In the wake of his impressive 2008 run, Huckabee has a lucrative career. He hosts separate television and radio shows for Fox News and has written several books and been in demand on the speaking circuit.
“If I run, I walk away from a pretty good income,” he told reporters in Washington last month. “So I don’t want to walk away any sooner than I have to, because frankly, I don’t have a lot of reserve built up.”
If he runs, Huckabee would have to give up his Fox News contract and paid speaking gigs. And he noted the last campaign took a hefty personal financial toll.
“I pretty much went through everything I ever had as an asset that I thought I might one day live on,” Huckabee, 55, said of the 2008 campaign.
The former governor made those comments as part of his book tour, which took him through the important primary states of Iowa, South Carolina and Florida.
Those stops and his PAC’s fundraising and donations to Republican candidates have kept the 2012 fires burning.
But if Huckabee is going to win the GOP nomination, he’s got to unite more than the evangelicals who led him to his meteoric rise in Iowa. He has to assure fiscal conservatives that he’s trustworthy on economic issues.
That is an uphill climb, especially when Huckabee has taken some hits for raising taxes in Arkansas.
And little suggests that sentiment has changed. In fact, Huckabee seems to still chafe from his last experience in the national political spotlight, telling an Iowa radio host that the National Review and Wall Street Journal were among other “snobbish folks who thought I was just a dumb hick from Arkansas who didn’t have a clue.”
Huckabee has never been the darling of Washington, D.C. In early 2008, Rep. Duncan Hunter (R-Calif.) had more congressional endorsements than Huckabee.
Yet if the conservative intelligentsia has rendered its verdict on Huckabee, another wing closely associated with economic issues — the Tea Party movement — appears open to considering him.

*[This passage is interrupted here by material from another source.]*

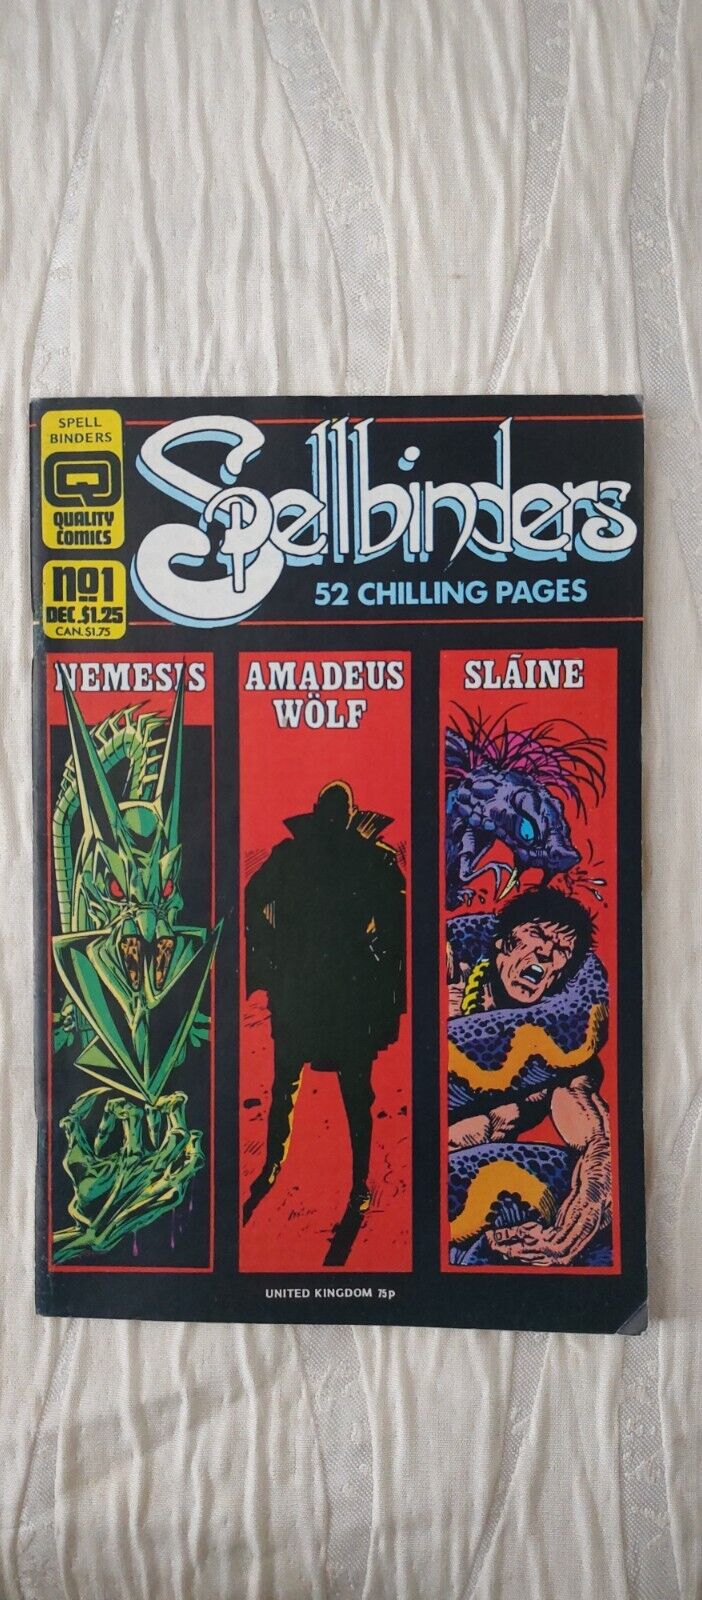 Cb21~comic book~rare spellbinders 52 chilling pages issue #1 Dec

When asked whether that disdain filtered down to rank-and-file Tea Party activists, Ryan Rhodes, the leader of the influential Iowa Tea Party, demurred, saying, “The entire Tea Party movement is up for grabs.”
The implication: The 2008 election and its wars are over; in 2012, everyone will get a fresh look.
Huckabee has courted the conservative grassroots movement, saying he was a member of the Tea Party before it existed formally.
And, with polls showing that the economy is one of voters’ biggest concerns, Huckabee has moved to shore up his credentials in that area. He’s made opposition to the Troubled Asset Relief Program (TARP) a cornerstone of his argument against Obama, and a potential dividing line between himself and his biggest rival, Romney, who has defended the controversial law.
If and when Huckabee makes his appeal to voters directly, he could use both TARP and Romney’s healthcare plan in Massachusetts as the basis of a two-pronged attack that might win him support among Tea Party conservatives.
He’s already attacked the Massachusetts plan that Romney signed, tying it to Obama’s controversial healthcare law.
“If our goal in healthcare reform is better care at lower cost, then we should take a lesson from RomneyCare, which shows that socialized medicine does not work,” he wrote in his latest book, A Simple Government.
Sources close to Huckabee told Fox News this month that he is “literally 50-50” on a run, and Saltsman says Huckabee is well-aware of the risks and rewards.
“His life fundamentally changed … because he ran for president,” Saltsman said.
However, Huckabee — if he runs — won’t sneak up on anyone this time around. He would be a legitimate top-tier candidate, one who would surely take many arrows in the back from other GOP candidates.
Shane D’Aprile contributed to this article.